Meeker gave the keynote address at the Ad:Tech conference in San Francisco, which opened Monday and attracted an audience of 6,500 attendees, according to organizers.
The Internet guru said the growth of broadband penetration — which Morgan Stanley estimates at about 25 to 30 percent in the U.S. — will drive innovation over the next several years.
“When industries that are on a fast growth trajectory and get into the 25 percent going up to the 50 percent mark, that’s when they begin to hit the sweet spot for a lot of innovation,” Meeker told a crowd of marketers, advertisers and publishers gathered for the conference.
The adoption of mobile devices, especially across international markets, will also have a big impact, according to Meeker. She noted that 900 million people around the world were accessing the same platform with the same information at the same time.
“The only differences are those of access speed, language, and access device,” she said.

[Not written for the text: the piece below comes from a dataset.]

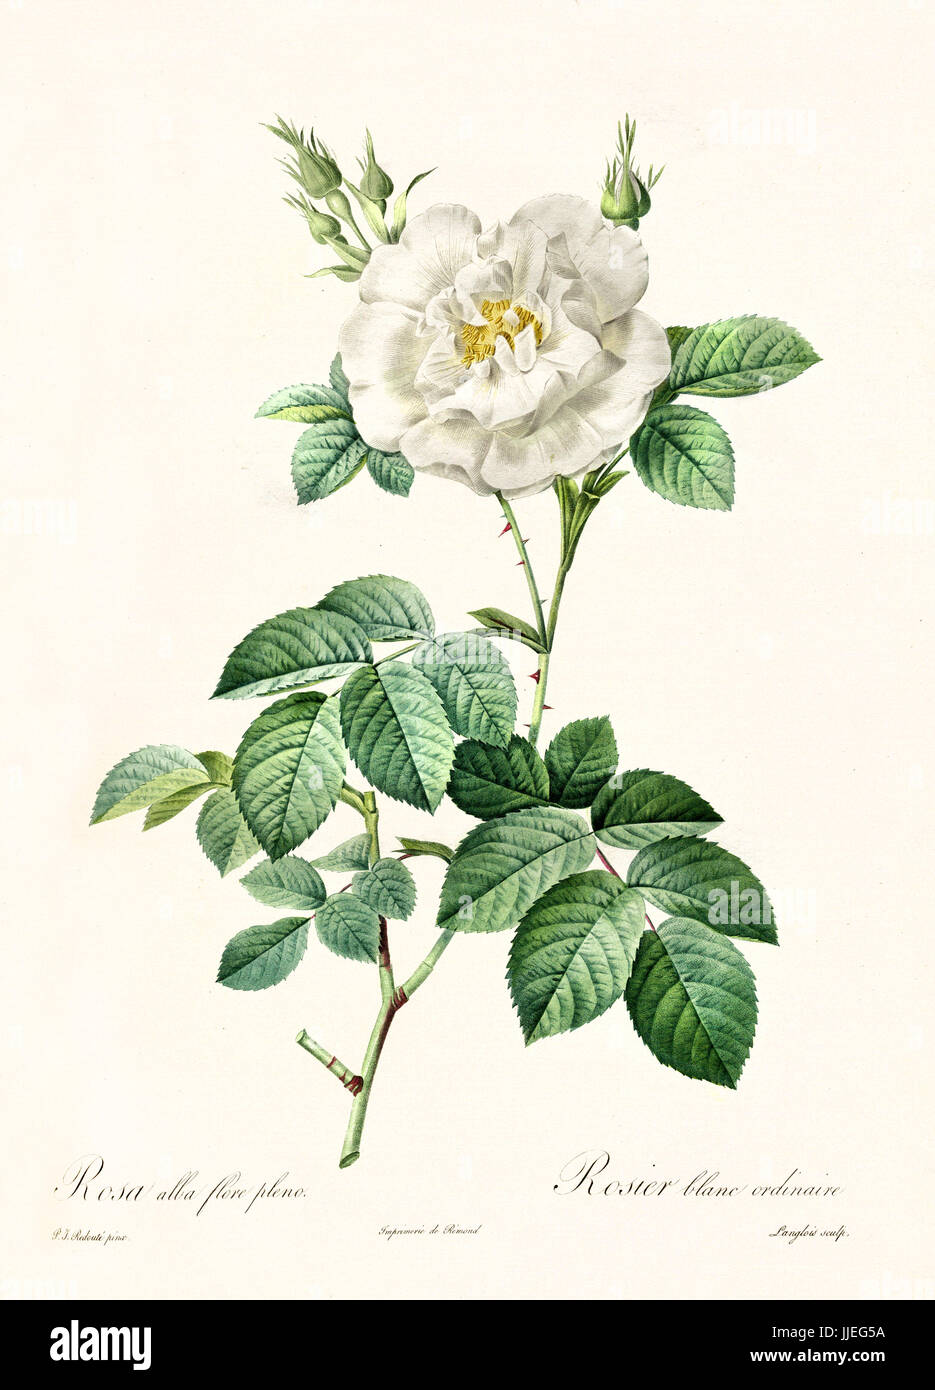 Vecchia illustrazione di Rosa alba flore pleno. Creato da P. R. Redoute, pubblicato su Les Roses, Imp. Firmin Didot, Parigi, 1817-24 Foto Stock
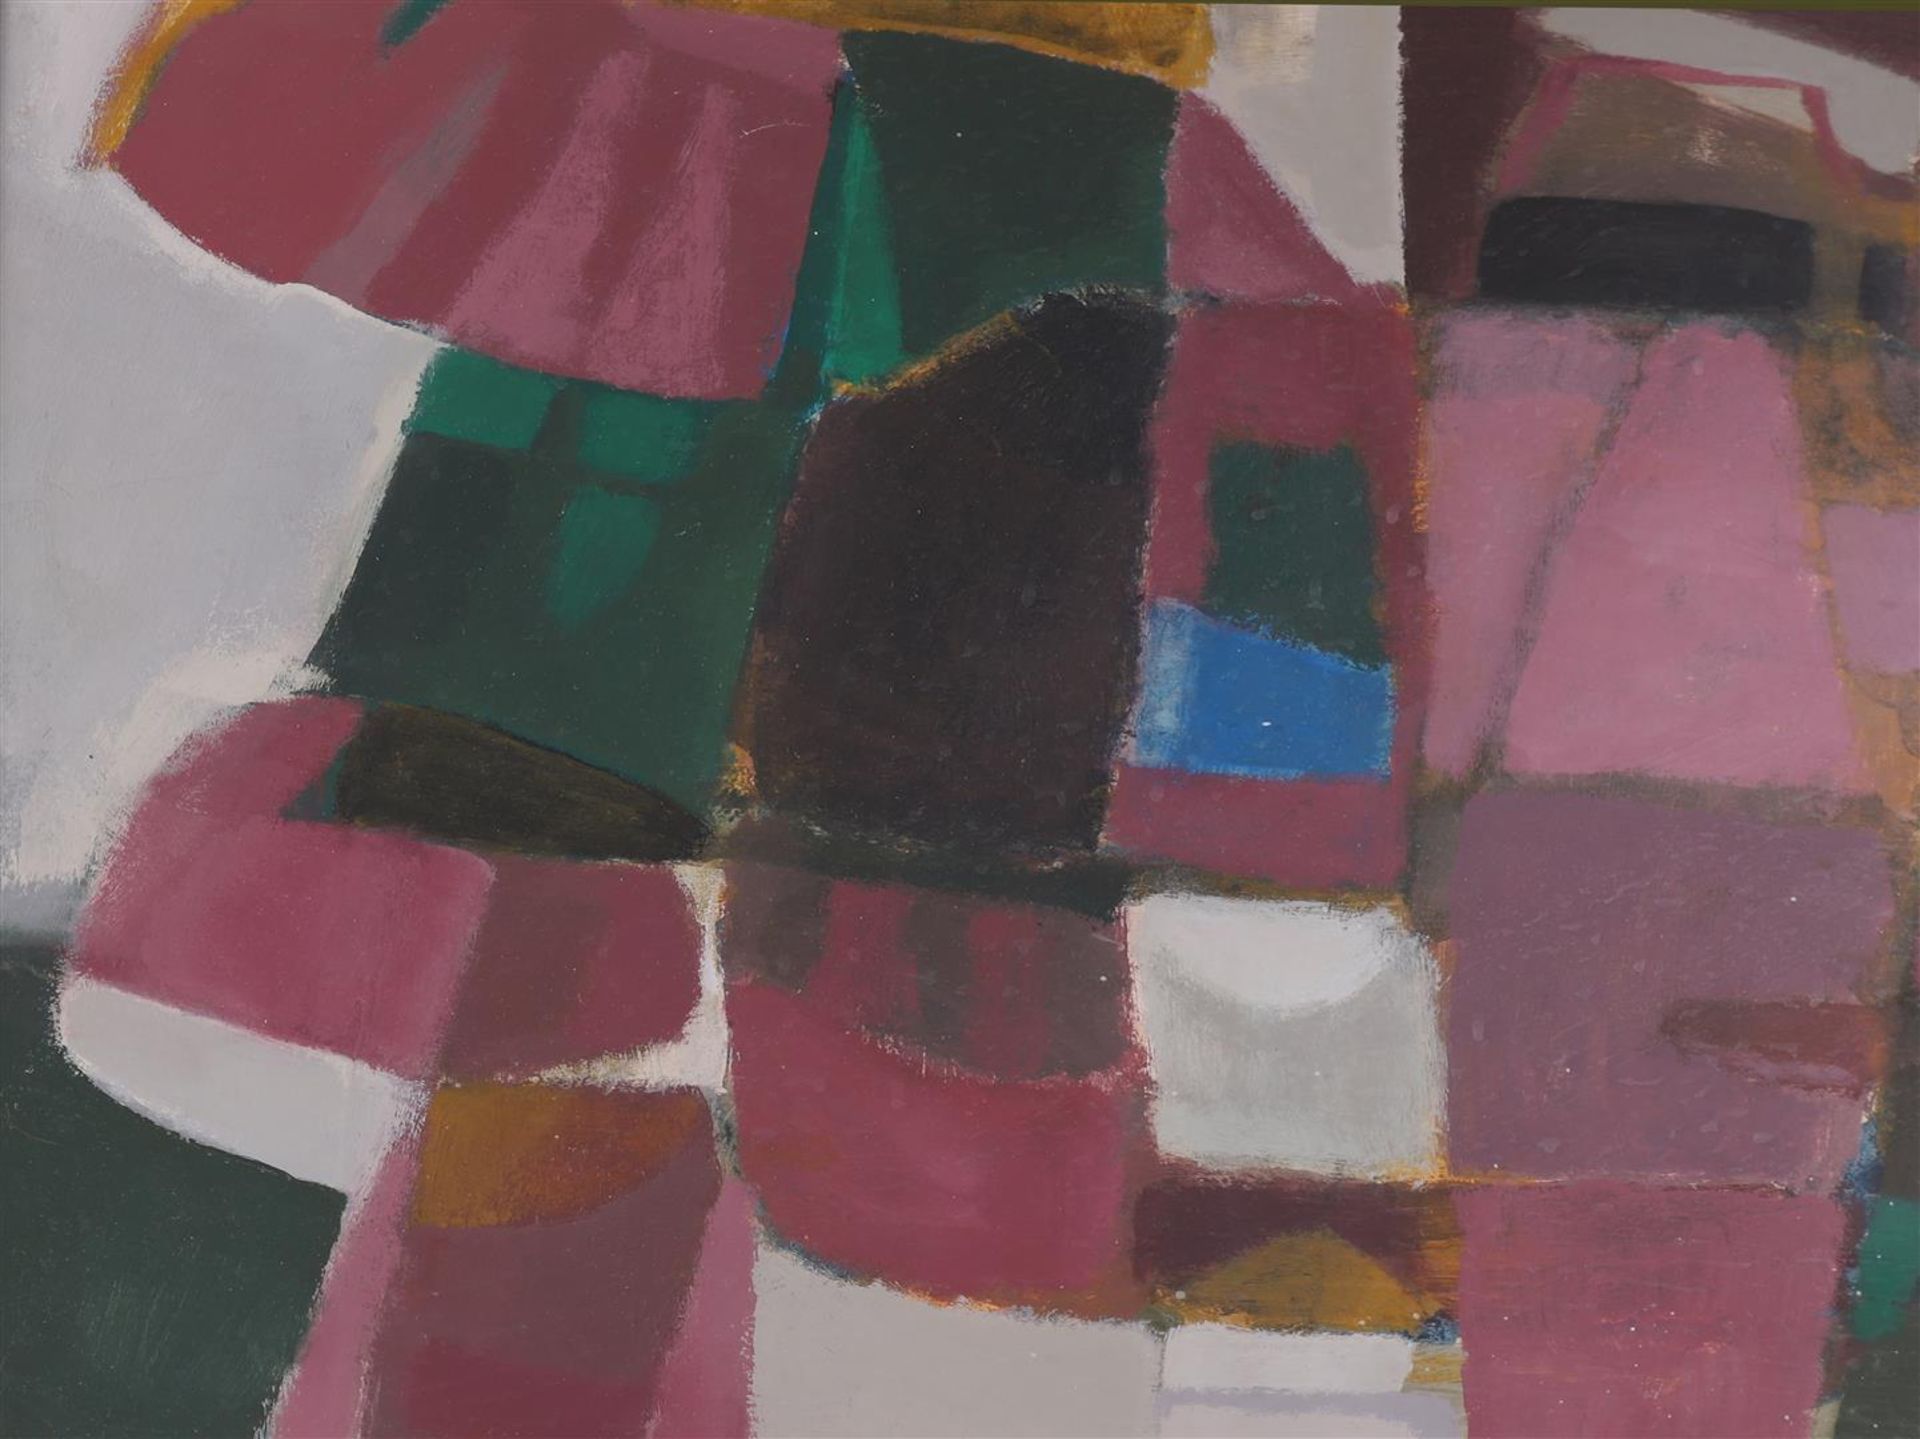 Dijk, van Jo (1931-1999) “Composition”, 1974. - Image 3 of 6

Advertisers’ propensity to follow users online, she said, is dependent on publishers’ and search engines’ development of tools that enable targeting, ease-of-use, and compelling ROI. Improvements to those tools will be one of the biggest growth drivers in the shift of offline to online marketing, Meeker predicted.
“We think the Internet has nowhere to go but up,” she said. “Obviously, that may not happen, but we believe it will.”
Meeker noted that Internet advertising spending per-household stands at only $120, as compared with $898 for newspapers.
EBay, which Meeker says has moved 62 percent of its advertising spend online, could be an early indicator of the industry’s future.
“We think it’s a pretty good prediction of the way things are going for the successful companies of our day and of the future,” Meeker noted.
Some of that increased spending, she believes, will go into broadband-enabled video ads — either on user-generated content or on content that’s currently difficult to find online. Meeker noted that of Yahoo’s streaming content offerings, only 10 percent are currently preceded by advertisements — a figure she expects to be at 50 percent in the next few years.